CD Notes
Comprehensive parsing-related interview questions
Fundamentals of Parsing
Q1: What is parsing and what role does it play in compilation?
Parsing (syntax analysis) is the second major phase of compilation. It receives a stream of tokens from the lexer and determines whether they form a valid sentence according to the language's grammar. The output is a parse tree (or abstract syntax tree) that represents the hierarchical structure of the program. Think of parsing like diagramming a sentence in English — you identify the subject, verb, and object, revealing the underlying structure. Without parsing, the compiler would have a flat list of tokens with no way to understand that 3 + 4 * 5 means "add 3 to the product of 4 and 5" rather than "multiply the sum of 3 and 4 by 5."
Q2: Explain context-free grammars and why they are used for parsing.

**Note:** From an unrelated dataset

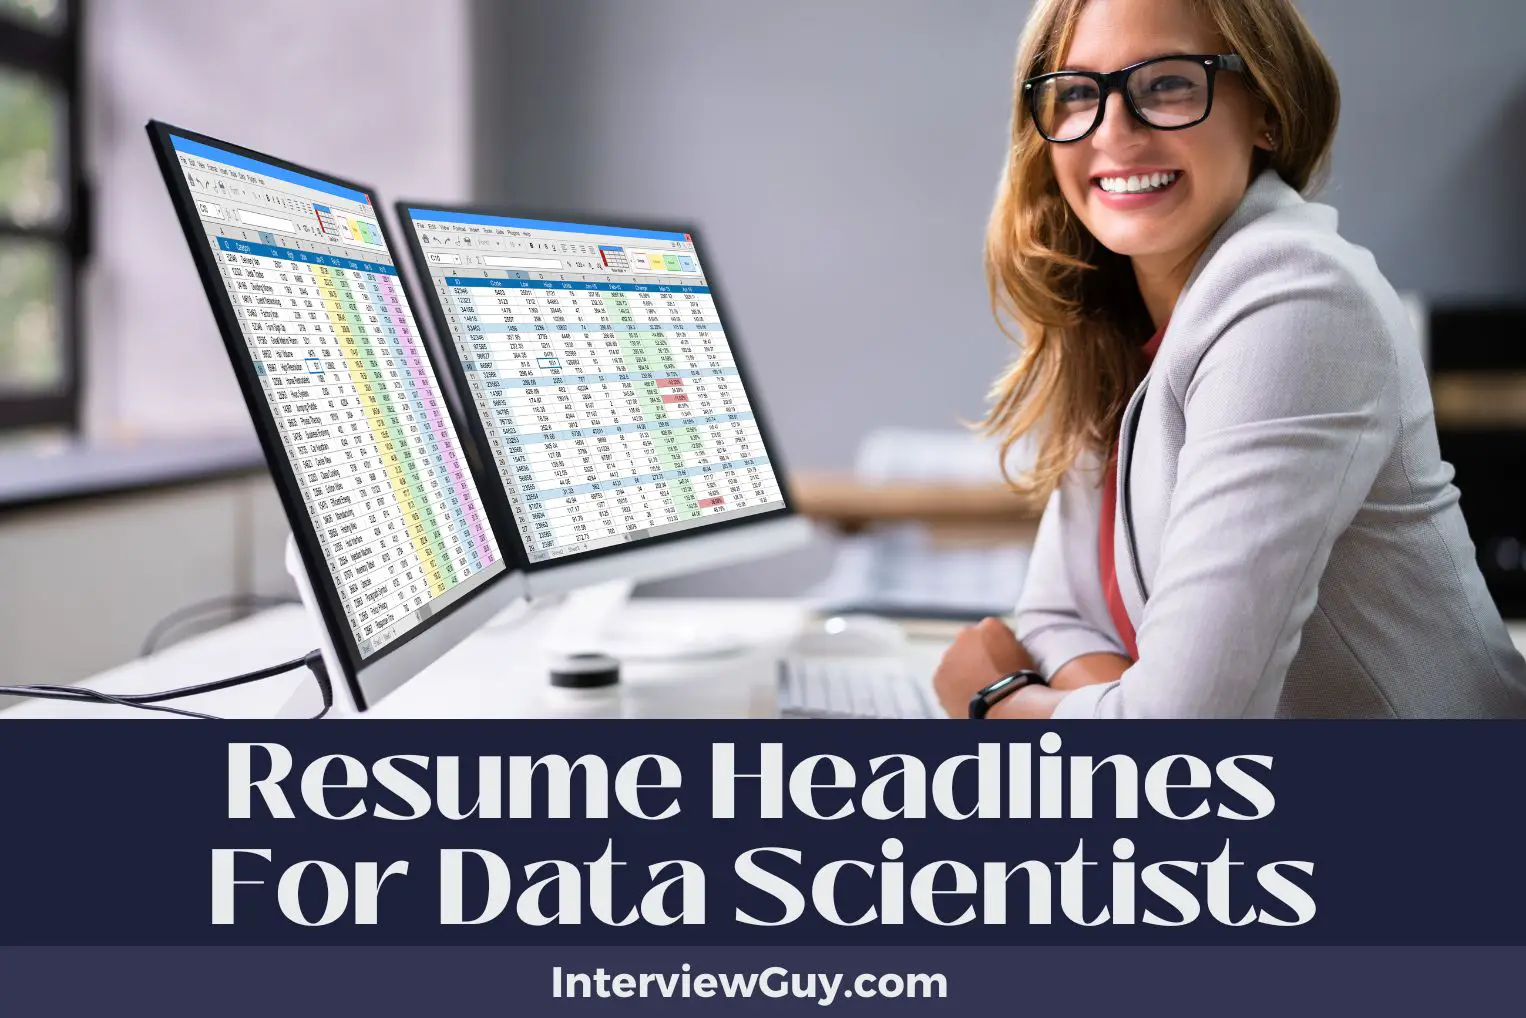 Resume Headlines For Data Scientists

A context-free grammar (CFG) consists of four components: a set of terminal symbols (tokens), a set of nonterminal symbols (syntactic categories), a start symbol, and a set of production rules. Each rule has the form A → α, where A is a single nonterminal and α is a sequence of terminals and nonterminals. CFGs are "context-free" because A can be replaced by α regardless of the surrounding symbols. CFGs are the perfect match for programming language syntax — powerful enough to express nesting (parentheses, blocks), recursion (nested if-else), and hierarchical structure, yet restricted enough that efficient parsing algorithms (LL, LR) exist.
Q3: What makes a grammar ambiguous and why does it matter?
A grammar is ambiguous if there exists at least one string that has two or more distinct parse trees (leftmost derivations). For example, the grammar E → E + E | E * E | id is ambiguous because id + id * id can be parsed as either (id + id) * id or id + (id * id). Ambiguity matters because different parse trees imply different evaluation orders and therefore different results. Compilers resolve ambiguity either by rewriting the grammar to enforce precedence through the rule hierarchy, or by adding precedence and associativity declarations (like %left and %right in Bison).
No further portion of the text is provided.